I recently attended a talk by Craig Sherman of Wilson Sonsini Goodrich & Rosati about Corporate Structure and Common Problems. The event was organized by StartPad, an excellent Seattle-based entrepreneurial organization through which we rent our office space and hence get the opportunity to intermingle with and work alongside other startups.

The talk was great! I won’t summarize the entire thing, since you can find the deck here. But, I did come away with two high-level points that are arguably applicable even beyond corporate structures:

Disclaimer: I am not a lawyer, and I cannot be held responsible for accuracy of the information below. Use at your own risk.

Keep things “standard”

Your time is at a premium. You likely want to use that time to innovate in how you serve your customers or how you make money and not in constructing complicated corporate structures. If you keep things standard, you can use your lawyer’s document templates with minimal changes. If not, you will be spending time and money on customized documents. Further, keeping things standard removes a source of potential friction and/or extra due diligence time when you are raising money.

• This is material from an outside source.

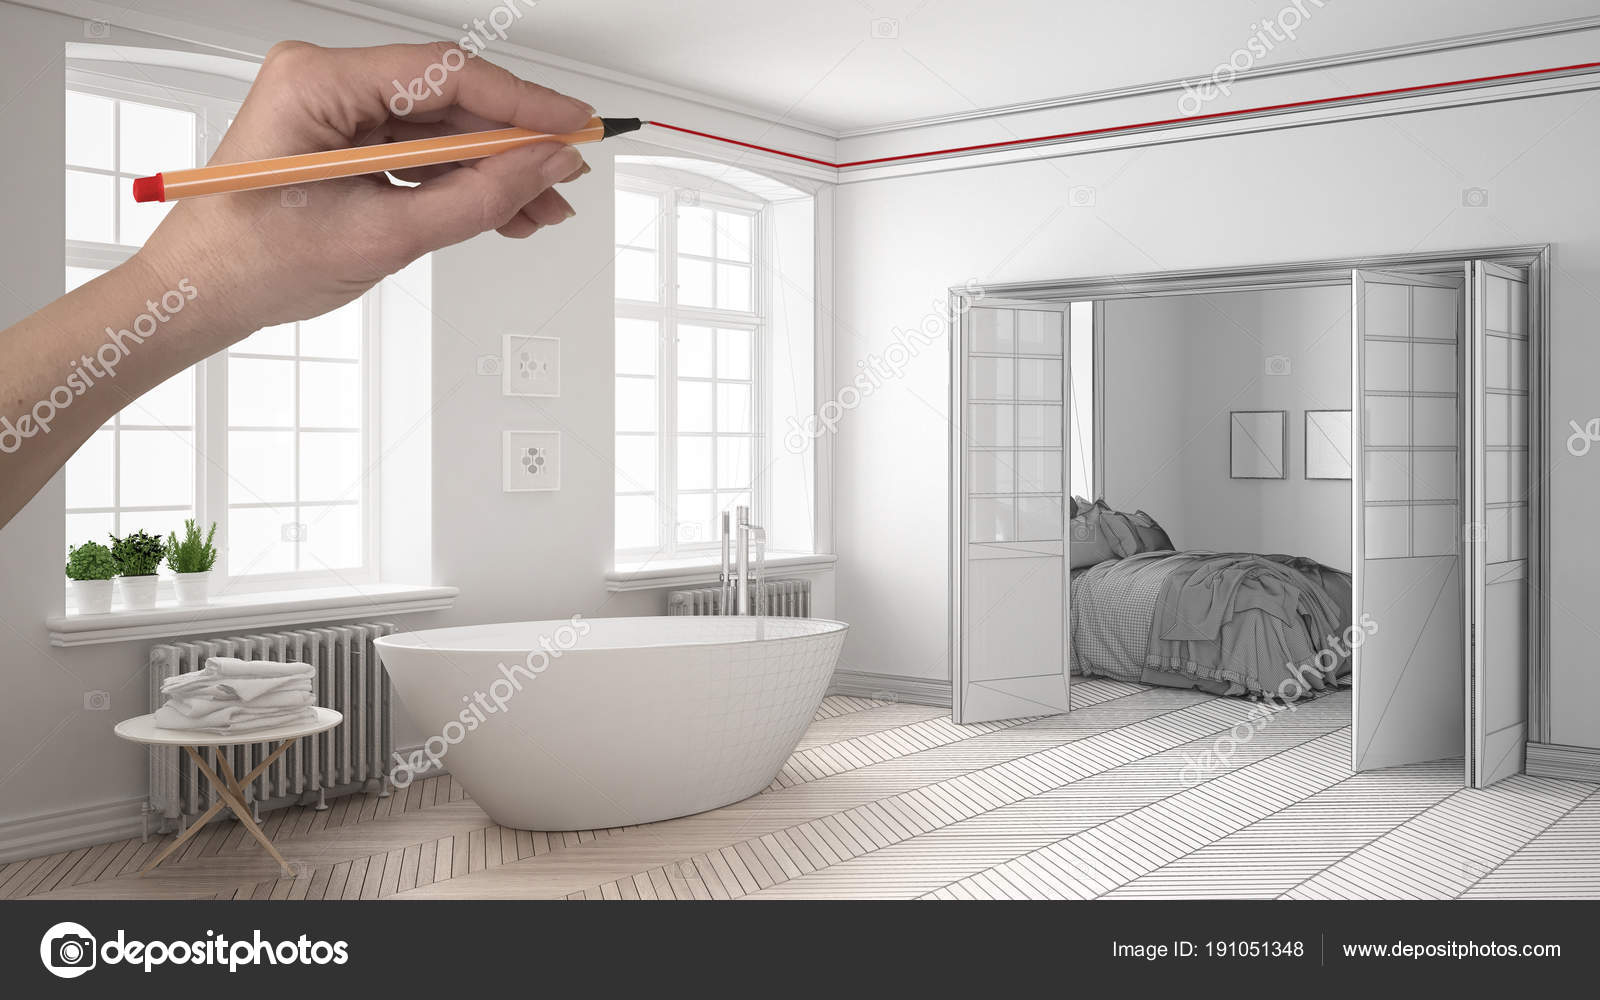 Bagno classico moderno personalizzato bianco e legno con camera da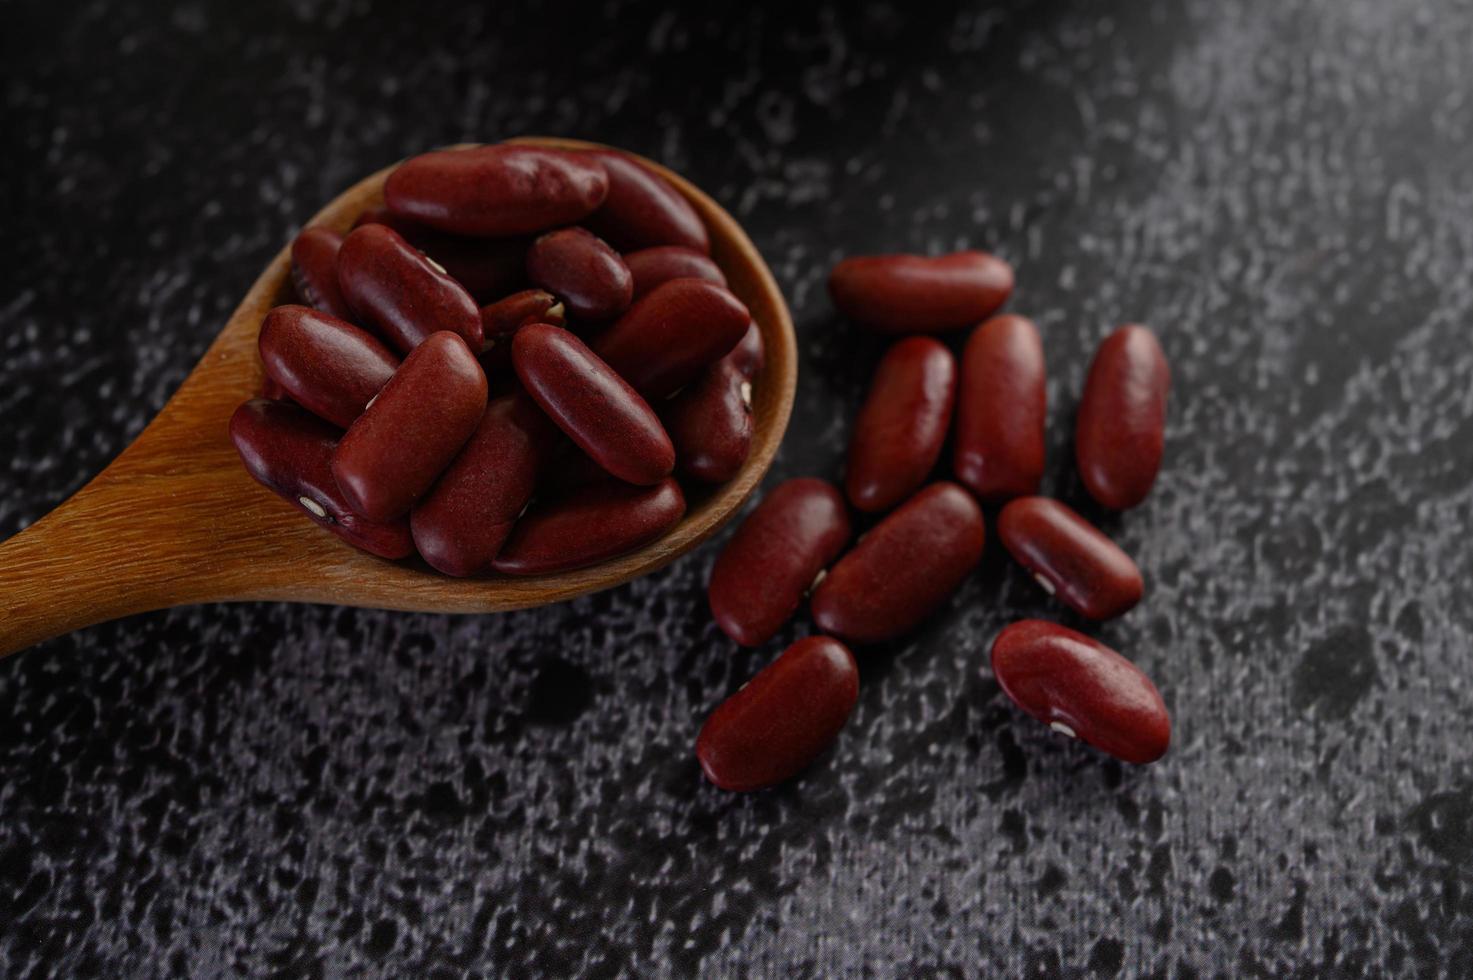 haricots rouges dans une cuillère en bois photo

As an example, consider an S-Corporation structure over an LLC structure if you are planning on raising money. An S-Corporation is less flexible. But, as a result, it is more of a known quantity.

Hope for the best, but also plan for the worst

The reality is that many startups fail. Even those that succeed have hiccups along the way.

As an example, consider vesting founder shares. This way, if a founder leaves, you have a) enough “room” in your capitalization table to find a replacement, and b) you can still raise money because investors are less likely to feel that they are overcompensating a departed founder. Vesting is something you should consider up front, since readjusting the capitalization table later in the process can have significant tax consequences.